Did Kay Bailey Hutchison just kick off her re-election campaign?

U.S. Sen Kay Bailey Hutchison with a supporter after filing for Texas governor on Dec. 7, 2009


Did Kay Bailey Hutchison just kick off her re-election campaign?

Hutchison has flirted with retirement for years now, but her vote Tuesday in favor of a Tea Party-pushed moratorium on earmarks — the use of which she's long defended — has amplified speculation that the U.S. senator is gearing up to run again in 2012.

Her vote came after Senate Minority Leader Mitch McConnell, a fellow earmark defender, on Monday caved to pressure from Tea Party groups, on whom Hutchison's political future in Texas may hinge.

Hutchison has previously said in defense of earmark spending that eliminating such provisions — which in Texas often support infrastructure and military installations — would hand all state spending discretion to the executive branch and do little to cut overall spending.

But on Tuesday, she said a moratorium would "start the process of reform that is essential to address the crushing debt our country has accumulated."

Texas received more than $400 million in earmarks in 2010 and $115 billion in the last three years. That number may be high, and cuts could certainly endanger a number of state projects, but as Ben Philpott of KUT News and the Tribune reports, some think the state can find other sources of funding.

As for her re-election, Hutchison was still quiet on Tuesday. "She's not thinking about that right now," an aide said, according to The Dallas Morning News.

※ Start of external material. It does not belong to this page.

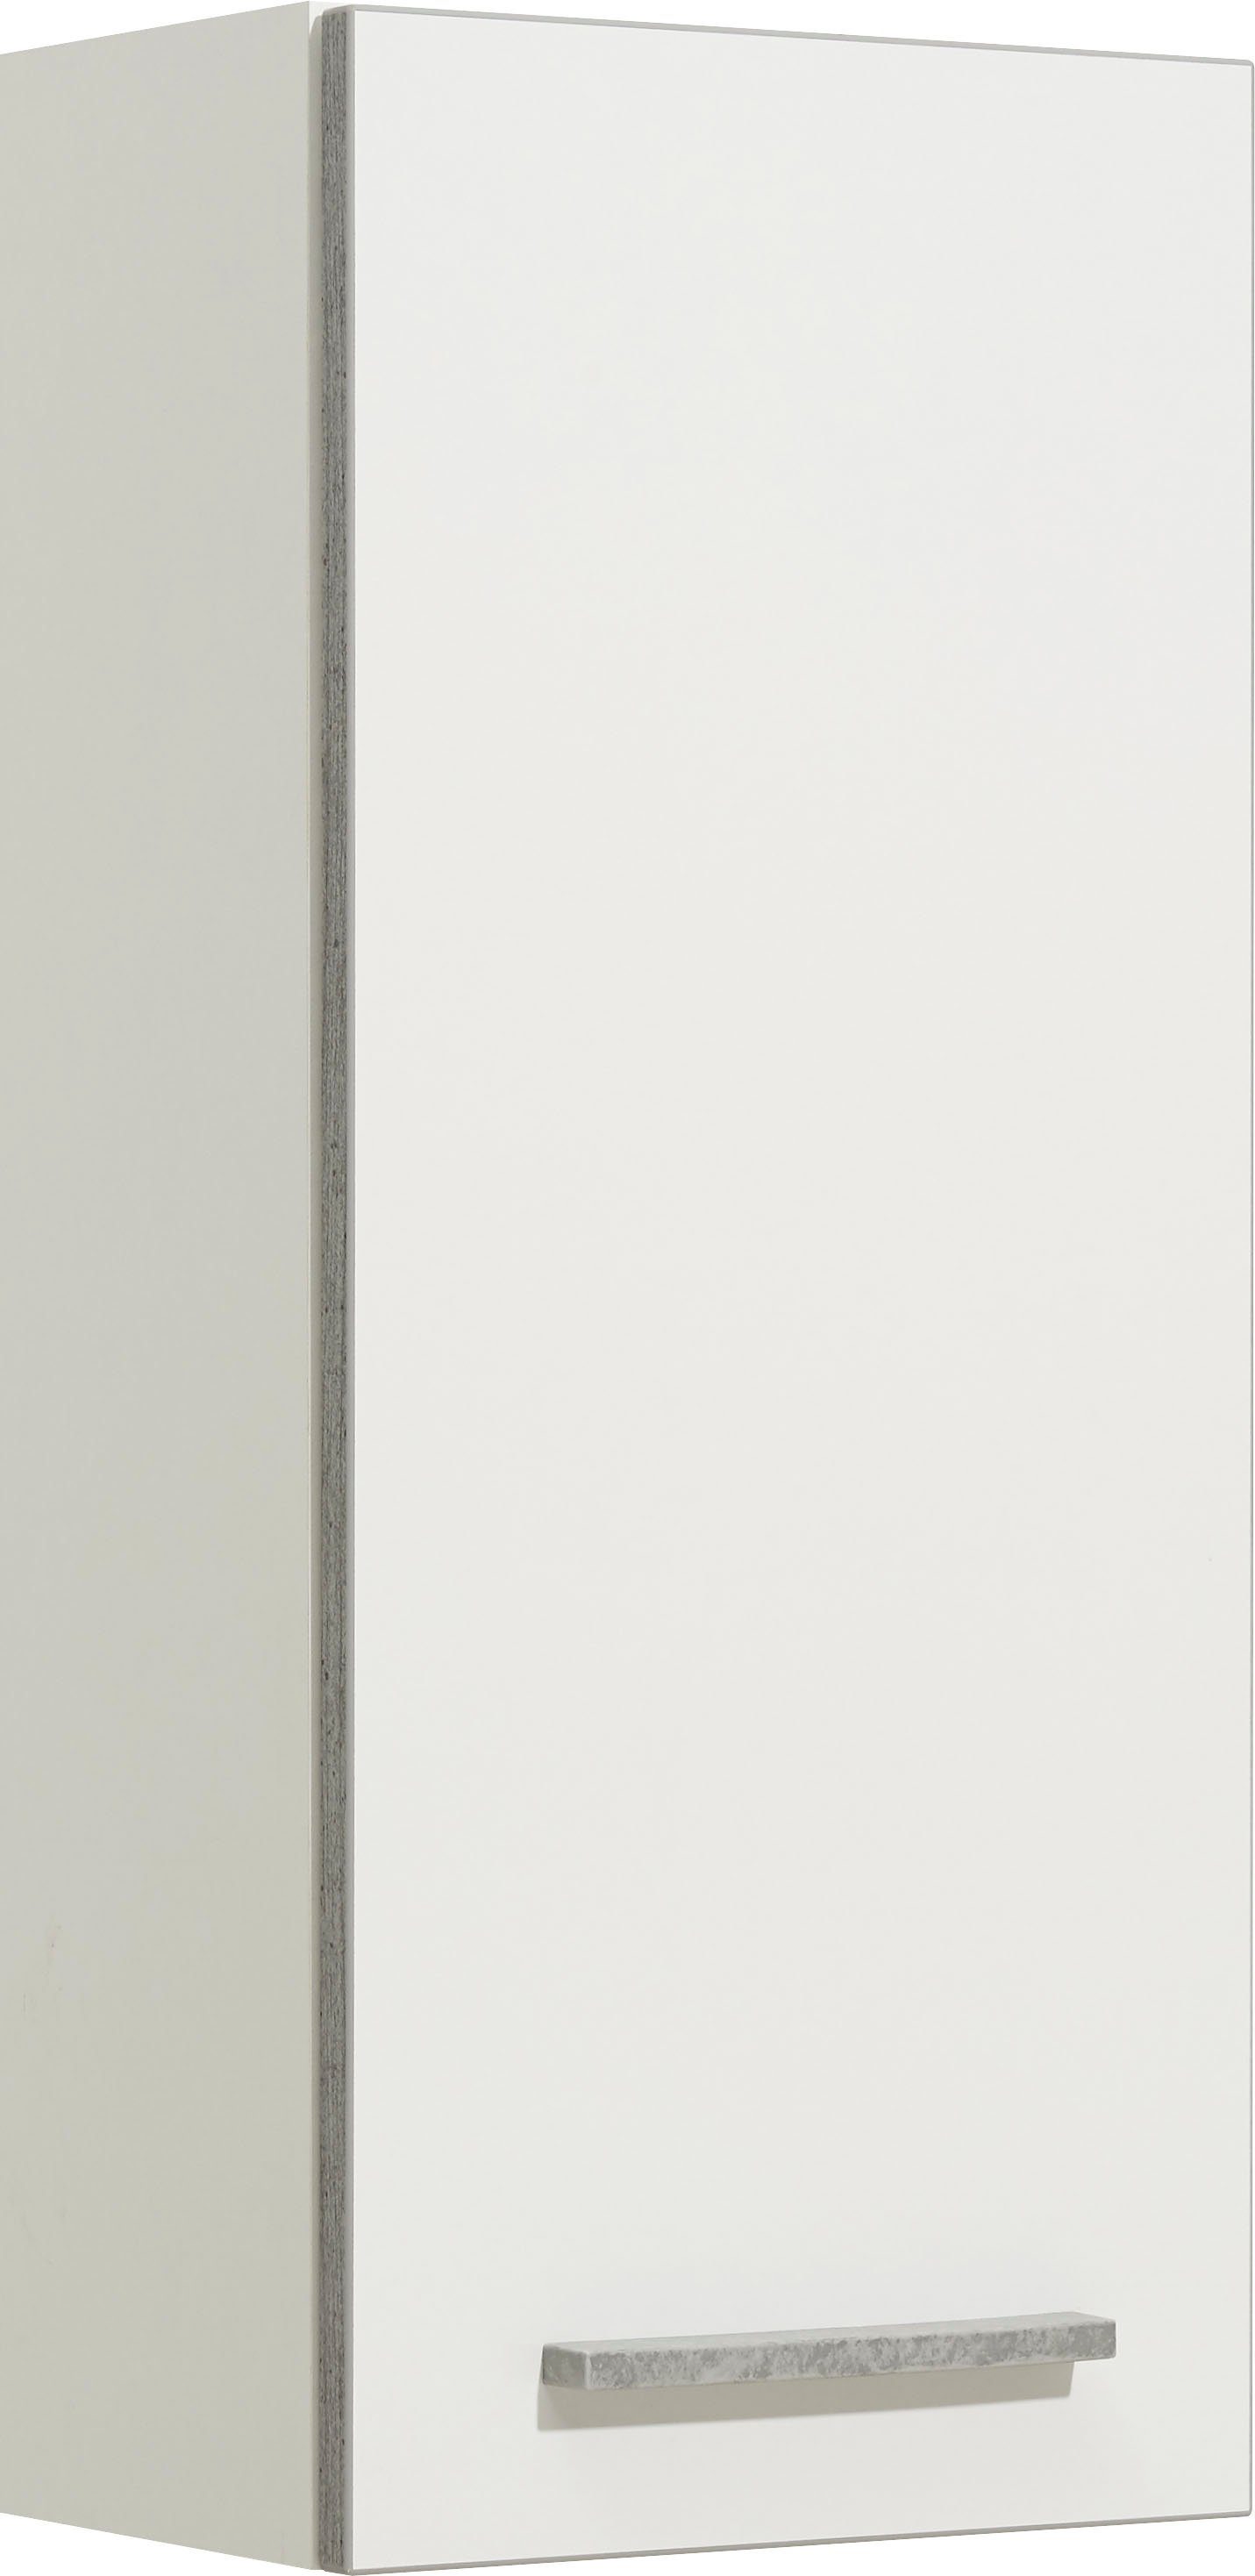 PELIPAL Hangend kastje Quickset 953 Breedte 30 cm, 2 losse planken, garnering in beton-look

  • Possibly foreshadowing just how conservative the next legislative session may be, state Rep. Leo Berman, R-Tyler, filed a bill Tuesday requiring candidates running for president or vice president to present their birth certificates to the Texas secretary of state. "This bill is necessary because we have a president whom the American people don’t know whether he was born in Kenya or some other place," Berman said, according to the Lubbock Avalanche-Journal.
  • An interview with Tom DeLay recorded by Austin American-Statesman reporter Laylan Copelin has become the latest focal point in the former U.S. House majority leader's money-laundering trial.

"I mean, golly, I love this stuff. You haven't seen the last of Don McLeroy.” — Departing 12-year State Board of Education member and self-described "religious fanatic" Don McLeroy, who lost his GOP primary in March and will sit in on his final meetings as a board member this week. McLeroy told the Trib's Morgan Smith that he still may run for his old spot on the board in two years.